Die Verwertungslüge

Ein Beitrag von Sieghard Weck

Mit der im Jahr 2005 gesetzlich neu geregelten Abfallentsorgung ist seitdem zwingend vorgeschrieben, dass nur noch vorbehandelter Restabfall deponiert werden darf. Die damit verbundenen höheren Entsorgungskosten sind vorrangig von den Gebührenzahlern über steigende Gebühren zu bezahlen.

Bei der Vorbehandlung mittels mechanisch-biologischer Anlagen (MBA) fallen in beträchtlichem Maße (bis zu ca. 45 % der Gesamtmenge) sogenannte heizwertreiche Fraktionen (HWRF) an, die z.B. als Ersatzbrennstoffe (EBS) zur Substitution fossiler Brennstoffe verwertet werden müssen.

Die effiziente Gestaltung dieser Entsorgungs- und Verwertungsprozesse ist eine anspruchsvolle Managementaufgabe und eine Herausforderung für die zuständigen kommunalen Verwaltungen.

Seit Jahren ist bekannt, dass die zur Verwertung der HWRF erforderlichen Investitionen an den dafür geeigneten Standorten erst noch geschaffen werden müssen. In diesem Zusammenhang hätten im Vorfeld vor allem die Rahmenbedingungen für die Anpassung der diesbezüglichen Marktmechanismen vor allem durch realistische Preisgestaltungen neu konzipiert bzw. neu strukturiert werden müssen.

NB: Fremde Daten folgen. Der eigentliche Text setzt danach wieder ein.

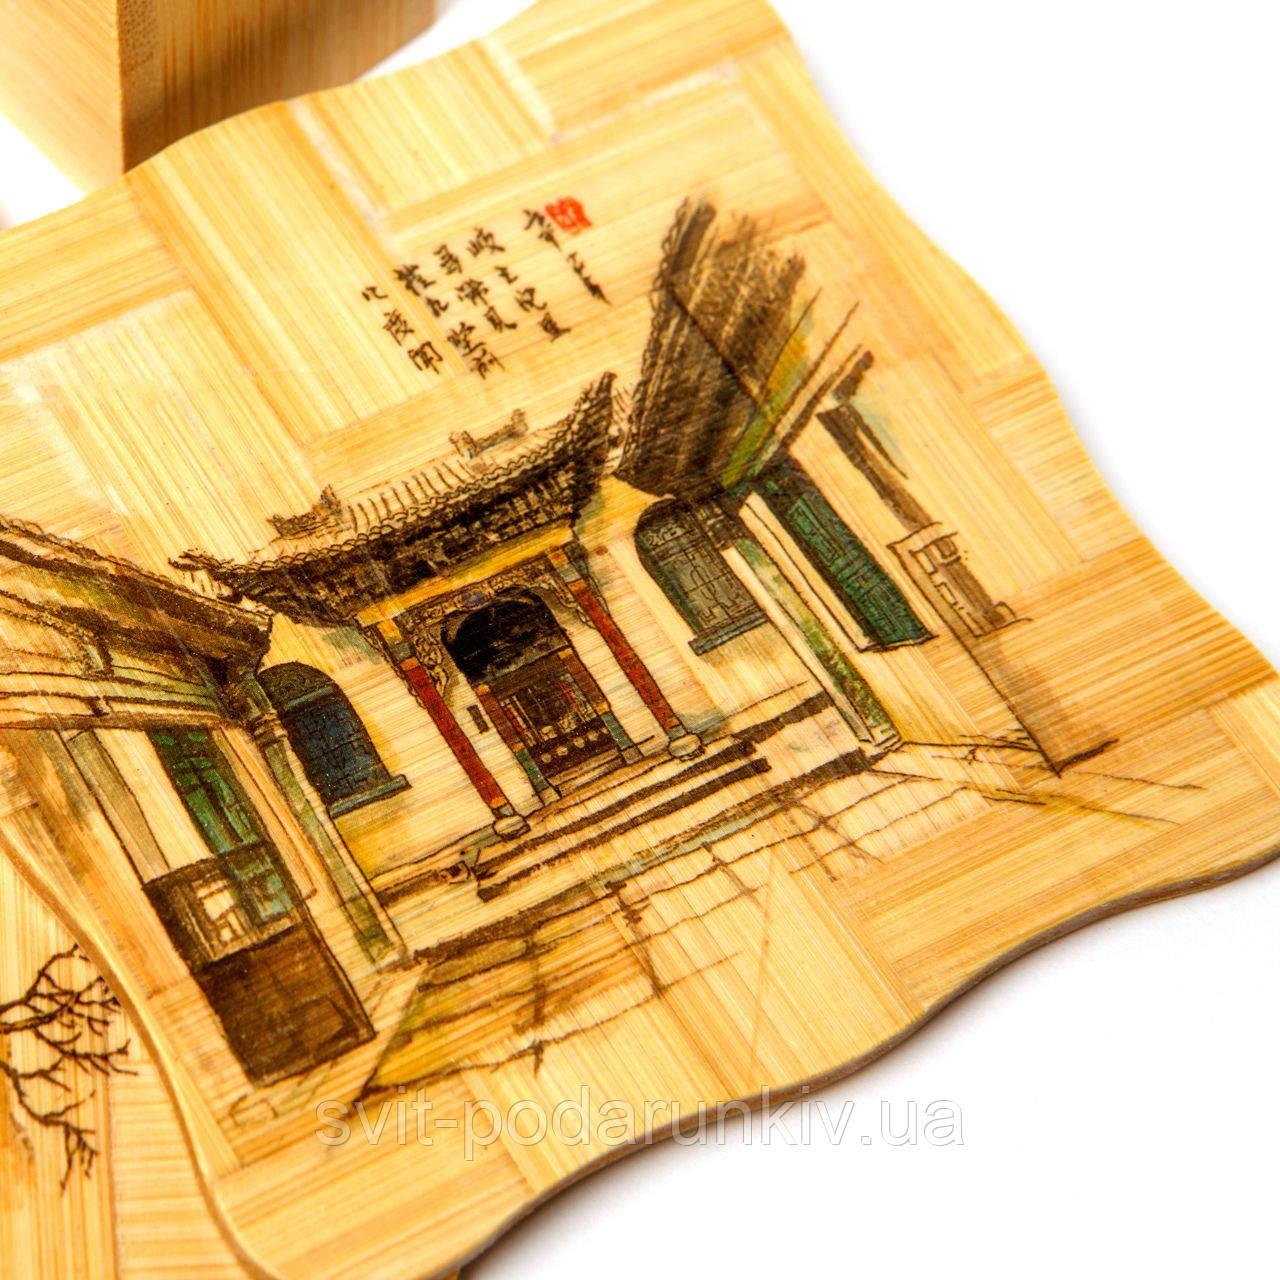 Подставка бамбуковая для чашки
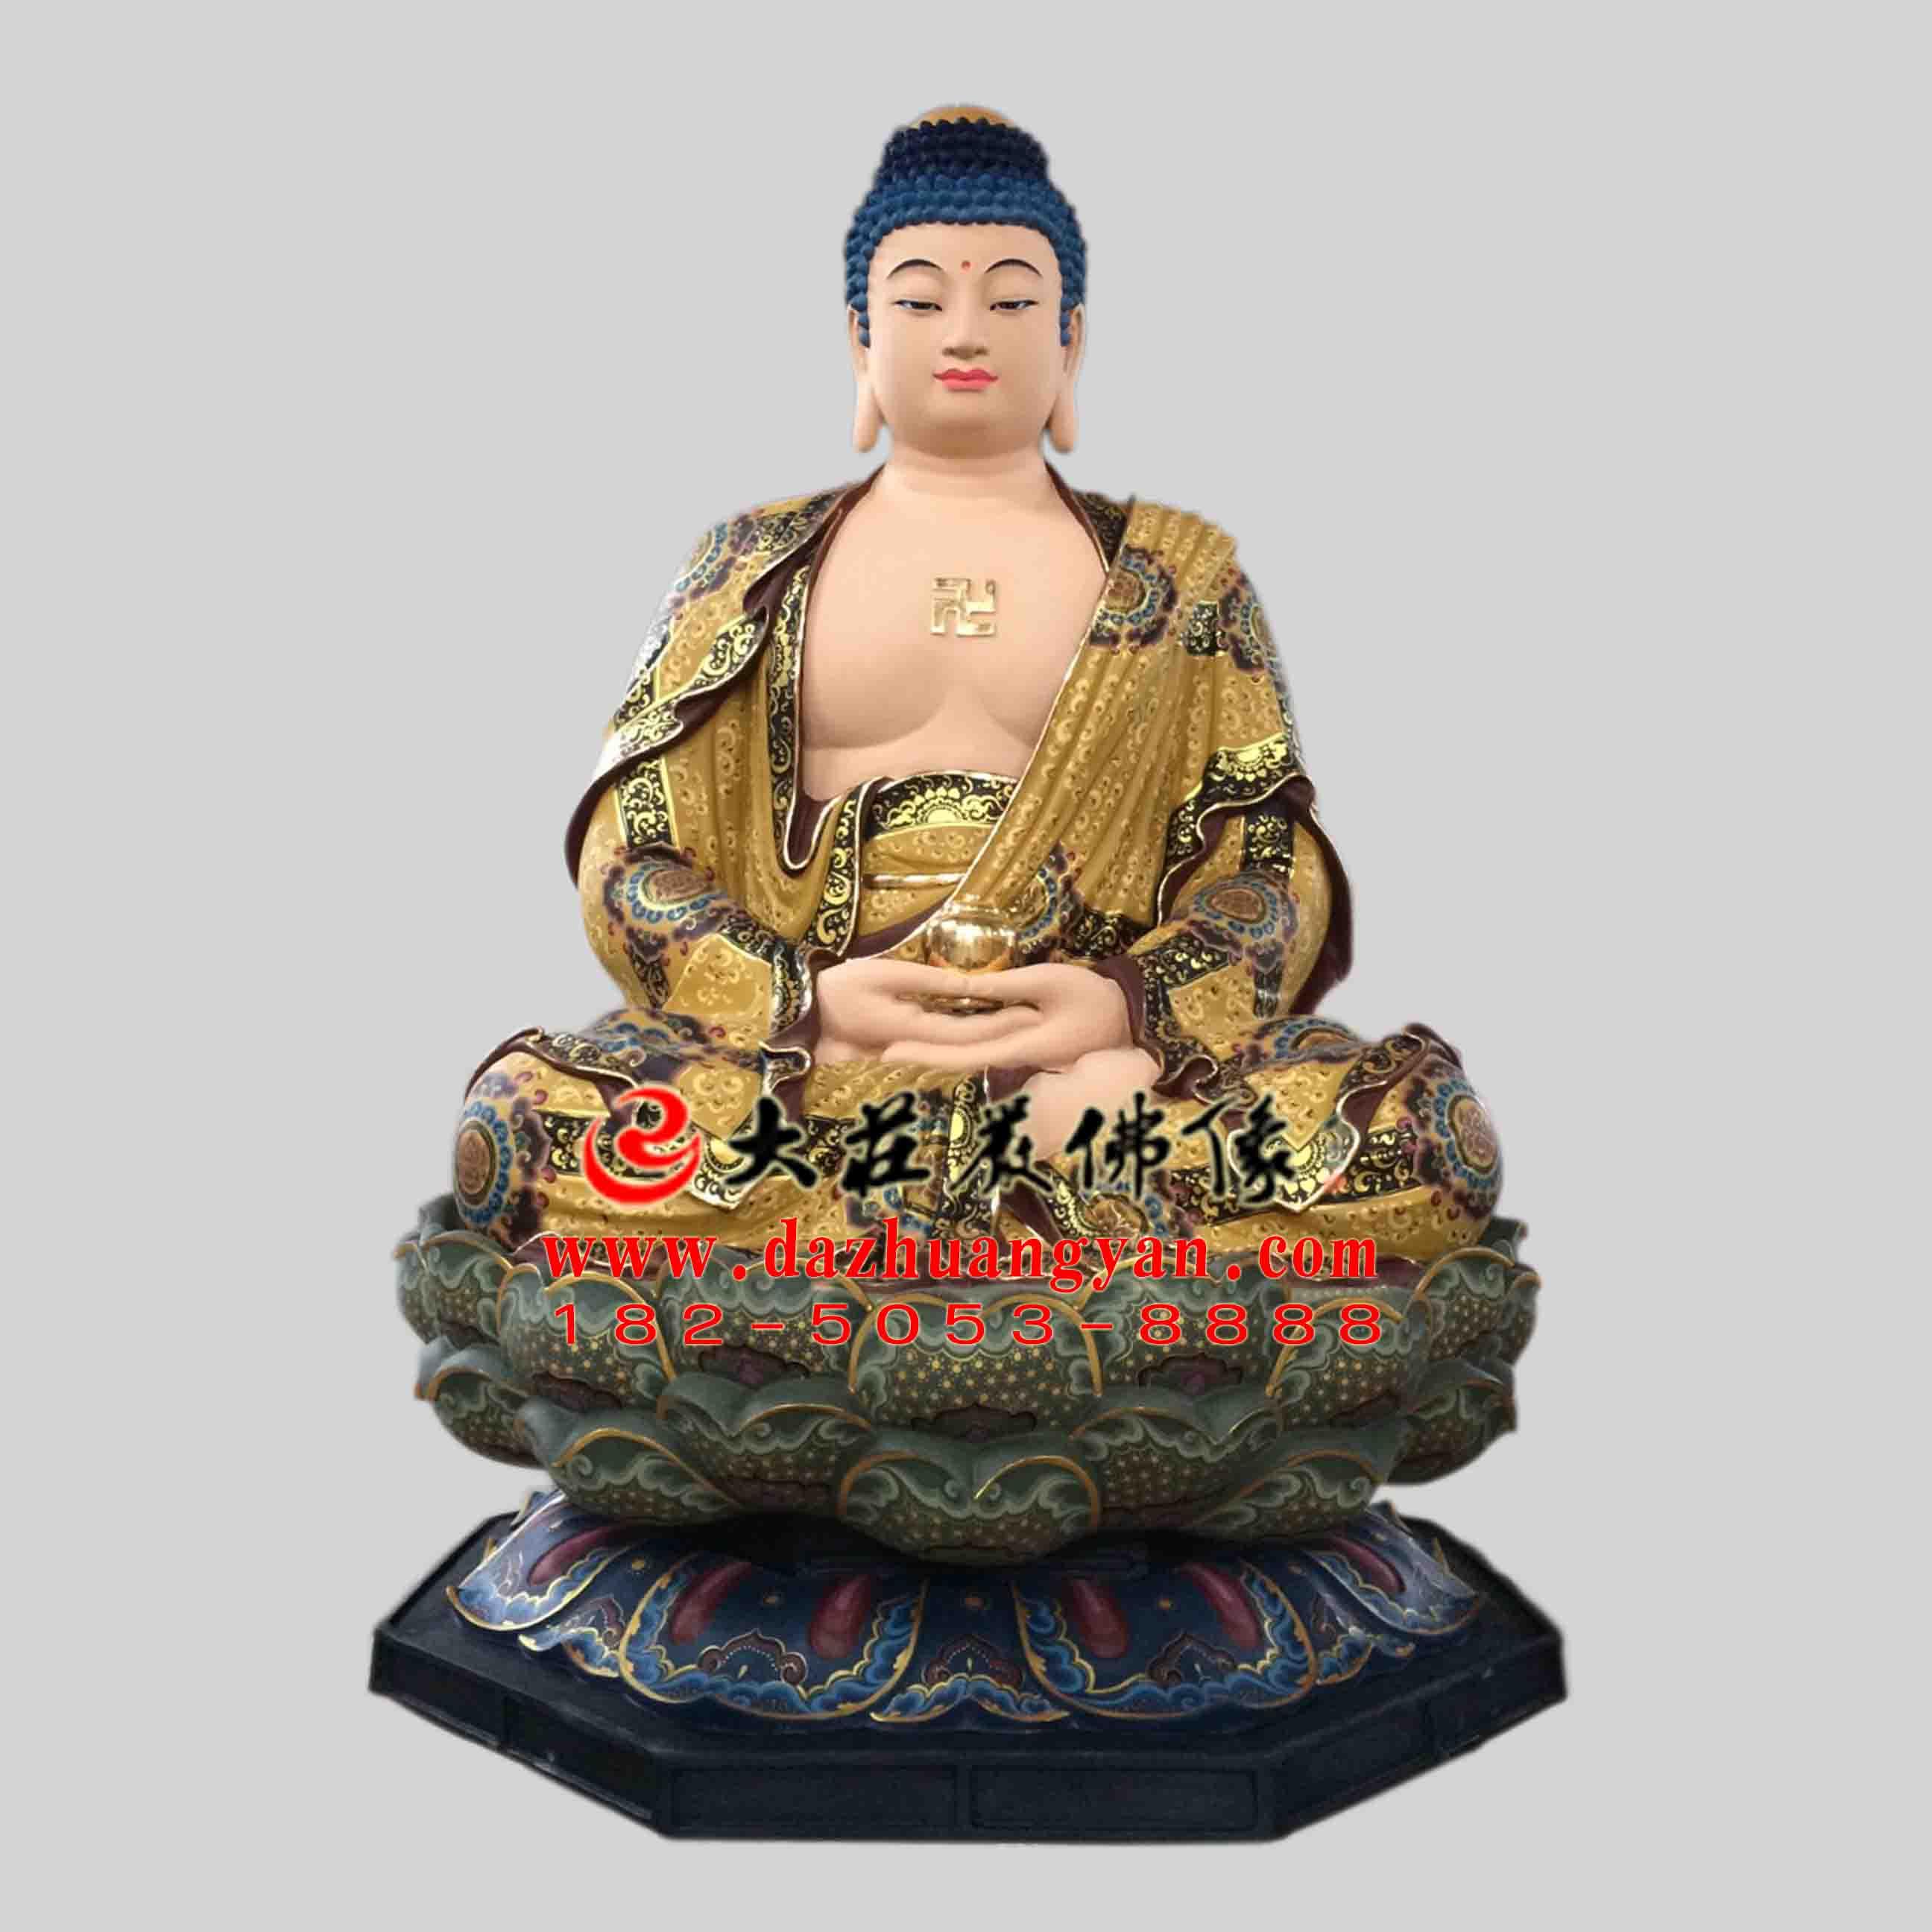 彩绘描金生漆脱胎娑婆三圣之释迦牟尼佛塑像【

Zusätzlich war von Anfang an klar, dass erhebliche Forschungsanstrengungen nötig sind, um insbesondere die Verwertungstechnologien rechtzeitig zur Marktreife zu bringen.
Seit mehr als 10 Jahren werden diese Aufgabenstellungen u.a. im Verbund mit z.T. externen Beratern bzw. mit Lobbyisten für „altes Denken“ bearbeitet. Aber ohne schlüssige Konzepte sind zielführende Ergebnisse nicht zu erwarten. Stattdessen muss konstatiert werden, dass durch kurzfristig angelegte „Scheinlösungen“ vorhandene Chancen zumeist verdrängt und damit nicht genutzt worden sind. Folglich mussten die daraus resultierenden Probleme früher oder später verschärft offenkundig werden. Heute zeigt sich das Dilemma u.a. darin, dass Zwischenlager für HWRF angelegt werden müssen, um die vorgelagerten MBA-Behandlungskapazitäten nicht zu blockieren und damit die Abfallentsorgung mittels MBA überhaupt noch sicherstellen zu können.

Exemplarisch zeigt sich dieses Dilemma bei der MBA Cröbern, die seit Juni 2005 vom Zweckverband Abfallwirtschaft Westsachsen (WEV) betrieben wird. Anfangs mussten die HWRF bis zur Kapazitätsgrenze vor Ort in Cröbern zwischengelagert werden. Seit etwa Mitte 2006 wurden die in Cröbern zwischengelagerten HWRF ins Kurzzeitzwischenlager Spröda umgelagert. Weitere HWRF werden seitdem vorrangig in Kooperation mit den Kreiswerken Delitzsch (KWD) auf weitere Zwischenlager verbracht. Die diesbezüglichen befristeten Genehmigungen verlangen zwingend, dass danach unverzüglich die relevanten Verwertungen erfolgen müssen.
Dementsprechend wurden in der aktualisierten Abfallgebührensatzung, die vom Kreistag des Landkreises Delitzsch im Dezember 2006 beschlossen wurde, exorbitant hohe Gebühren festgesetzt. Obwohl die in der Kalkulation offenbar veranschlagten umfänglichen Verwertungen noch gar nicht erfolgen können, werden hierfür bereits Gebühren wirksam eingefordert. Da vom WEV an die KWD für jede abgenommene Tonne HWRF ein Preis von 90 Euro gezahlt wird, müssten sich diese Einnahmen eigentlich gebührensenkend auswirken, solange die Aufwendungen für die entsprechende Verwertung als EBS noch gar nicht wirksam werden können. Lt. RP Leipzig sollen nach einer uns bislang nicht bekannten Konzeption erst ab 2009 Verwertungskapazitäten für 300.000 t/a HWRF zur Verfügung stehen. Es ist sehr fraglich, ob dies überhaupt realisiert werden kann bzw. tatsächlich realisiert werden soll.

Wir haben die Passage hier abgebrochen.